SHOPLINE PRIVACY POLICY
Updated and Effective as of 06 January, 2023
This Privacy Policy page will help you understand the following:
1. What we collect and how we use personal information
(1) Authorization and consent of customers
You hereby acknowledge and authorize us to collect, store and process personal information from your customers for you to use the Platform and SHOPLINE services, and hereby undertake to us that you have obtained sufficient and necessary authorization, consent and permission from your customers for us to directly collect and use their personal information required to perform relevant services. When you provide us with personal information of any third parties (including your customers) for our further process, you shall ensure that you have obtained sufficient and necessary authorization, consent and permission from such third parties for us to process such personal information for the purpose as requested by you. Nonetheless, we reserve the right to reject your request due to legal or regulatory requirements or restraints.

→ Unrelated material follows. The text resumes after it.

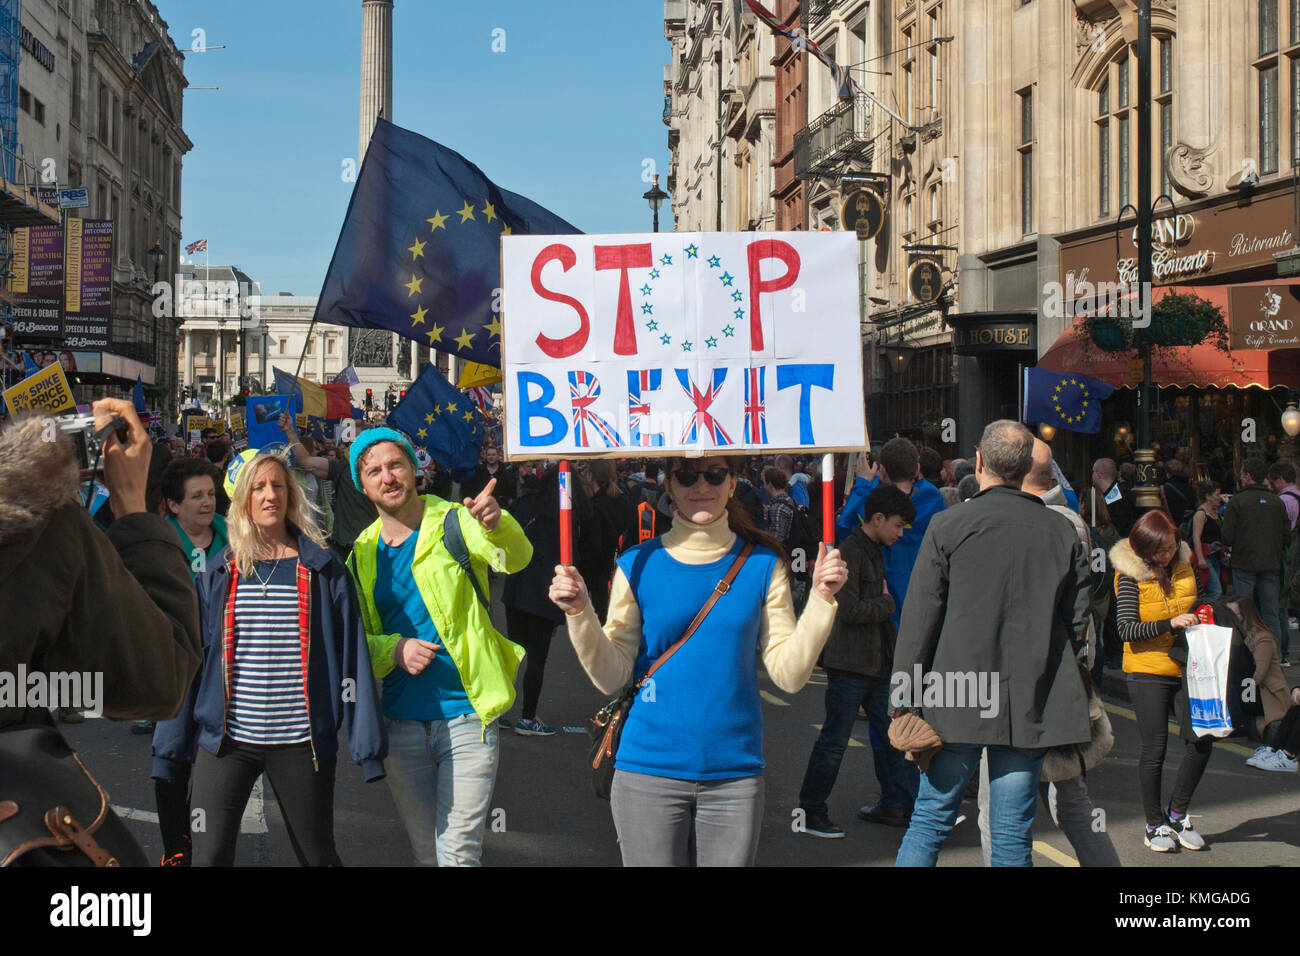 Anti Brexit demonstration. Young woman holding colourful banner with 'Stop Brexit', man pointing at banner and EU flag behind Stock Photo

(2) Exceptions to the authorization or consent requirements
According to applicable laws and regulations, the consent of the Personal Data Subject is not required for collection and use of their personal information under the following circumstances:
(1) Related to the performance of obligations under laws and regulations;
(2) Directly related to national security or national defense security;
(3) Directly related to public safety, public health and major public interests;
(4) Directly related to criminal investigation, prosecution, trials and enforcement;
(5) For the purpose of safeguarding the life, property and other major legitimate rights and interests of the Personal Data Subject or any other person, but it is difficult to obtain the authorization and consent of that person;
(6) The personal information involved is disclosed to the public by the Personal Data Subject;
(7) Necessary for signing and performing the contract as required by the Personal Data Subject;
(8) Collection from lawfully and publicly disclosed information;
(9) Maintenance as necessary for the safe and stable operation of the Platform, such as troubleshooting;
(10) Other circumstances as stipulated by laws and regulations.
2. How we use “cookies” and other similar tracking technologies
(1) How“cookies” are used
On SHOPLINE website, with the help of cookies and other similar technologies, we can identify whether a Personal Data Subject is our user or the user’s customers each time the Personal Data Subject uses the Platform, SHOPLINE services or the store empowered by SHOPLINE, without having to re-login and authenticate on each page.
(2) How to manage “cookies”
In addition to the controls we provide, a Personal Data Subject may choose to enable or disable cookies in their Internet browsers. Most Internet browsers also allow Personal Data Subject to choose whether to disable all cookies or only third-party cookies. By default, most Internet browsers accept cookies, but this can be changed. For more information, see the Help menu in your Internet browser or the documentation of your device.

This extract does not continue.